Pernottamento Ancora una volta abbiamo scelto di soggiornare in appartamento, per essere più liberi, mantenere il distanziamento sociale e immergerci nella vita dei due luoghi che abbiamo scelto come base, per quelli che saranno dei circuiti ad anello e che vi racconteremo in dettaglio sulle pagine del blog. Come criterio di ricerca abbiamo privilegiato l’ubicazione e la centralità della struttura e ci siamo poi lasciati conquistare dalle foto, fidandoci delle buone recensioni degli altri viaggiatori e senza curarci della presenza del Wi-fi, visto che in Valle sono presenti numerosi hot spot da cui connettersi gratuitamente alla rete. In entrambe le sistemazioni ci siamo trovati molto bene. Ad Aosta siamo stati ospiti di Josette, in un grazioso appartamento nel cuore storico di Aosta, a breve distanza dal teatro romano, a due passi dall’ufficio del turismo e da tutto ciò che il centro della città ha da offrire, così come dalla stazione ferroviaria e degli autobus. Una breve passeggiata conduce alla cabinovia per Pila. Insomma un soggiorno in pieno centro, senza però essere in alcun modo disturbati dal rumore, potendo anche godere in assoluta solitudine del cortile interno. La gentilezza dell’host e la sua disponibilità, unite all’estrema pulizia della casa, meritano davvero cinque stelle. Per la seconda tappa abbiamo scelto di spostarci verso l’imbocco della Valle, a Bard, per provare la vita nel borgo medievale e passeggiare per le sue strette viuzze dopo la partenza degli ultimi visitatori del Forte. Ci ha ospitato Franco, profondo conoscitore del territorio, in un appartamento affacciato sulla via principale e con un terrazzino privato (con tanto di amaca per riposarci dopo gli innumerevoli chilometri percorsi) che in molti passando ci hanno invidiato. Anche in questo caso la sistemazione si è rivelata perfetta, per scoprire la nostra destinazione e per raggiungere la fermata dell’autobus, ed eventualmente la stazione di Hône-Bard.

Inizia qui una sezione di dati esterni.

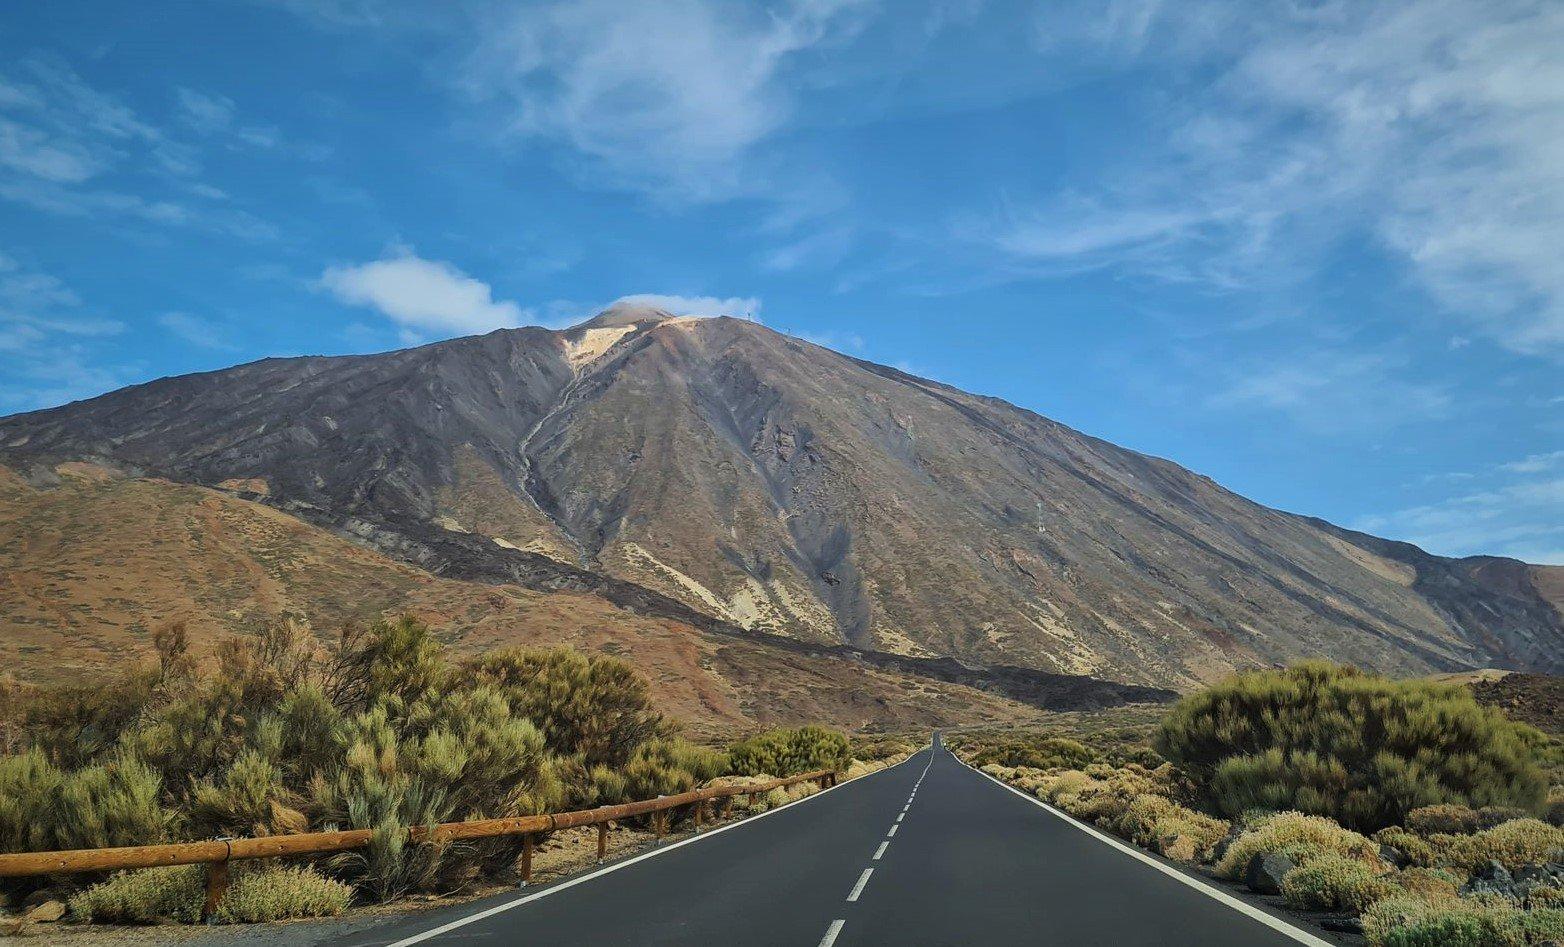 Tenerife on the road Itinerario intorno al Teide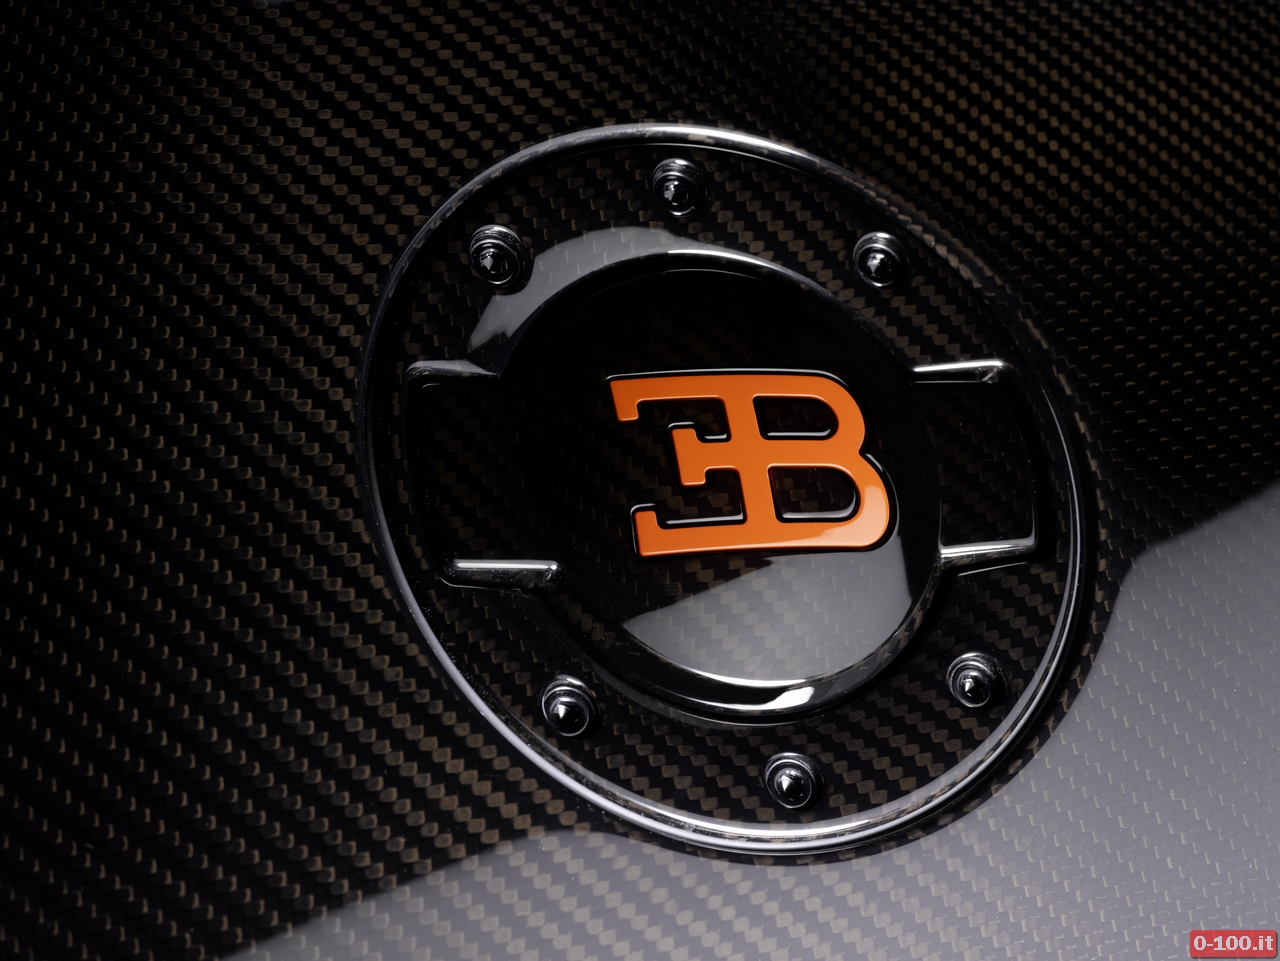 bugatti-veyron-16-4-grand-sport-vitesse-debutto-a-shanghai_0-100_8

“Giri in giro” Il portale turistico offre moltissimi consigli, informazioni pratiche e materiali, anche scaricabili, nella sezione “Prima di partire” e ci è servito come fonte di ispirazione oltre che come pratico strumento per la programmazione dell’itinerario. Una volta stabilito cosa vedere – suddiviso in “must see” e “mi piacerebbe” – il passo successivo è stato stendere un programma giornaliero e, soprattutto, verificare se esistevano dei mezzi che ci portassero a destinazione. Con sorpresa abbiamo scoperto che la Valle è ben servita dalla rete di autobus di varie società di trasporti, che gli orari vengono abbastanza rispettati (anche se a sentire le signore che a Issogne discutevano alla fermata i ritardi sono una costante) e che con un po’ di buona volontà si può lasciare la macchina a casa o quanto meno parcheggiata ad Aosta. Promossa a pieni voti, nella nostra esperienza, Savda, che ci ha consentito di raggiungere castelli e borghi in assoluta tranquillità, mentre con Vita l’esperienza non è stata pienamente positiva, l’abbiamo trovata meno organizzata e, onestamente, meno a misura di turista, sia nella sua presenza online sia in loco.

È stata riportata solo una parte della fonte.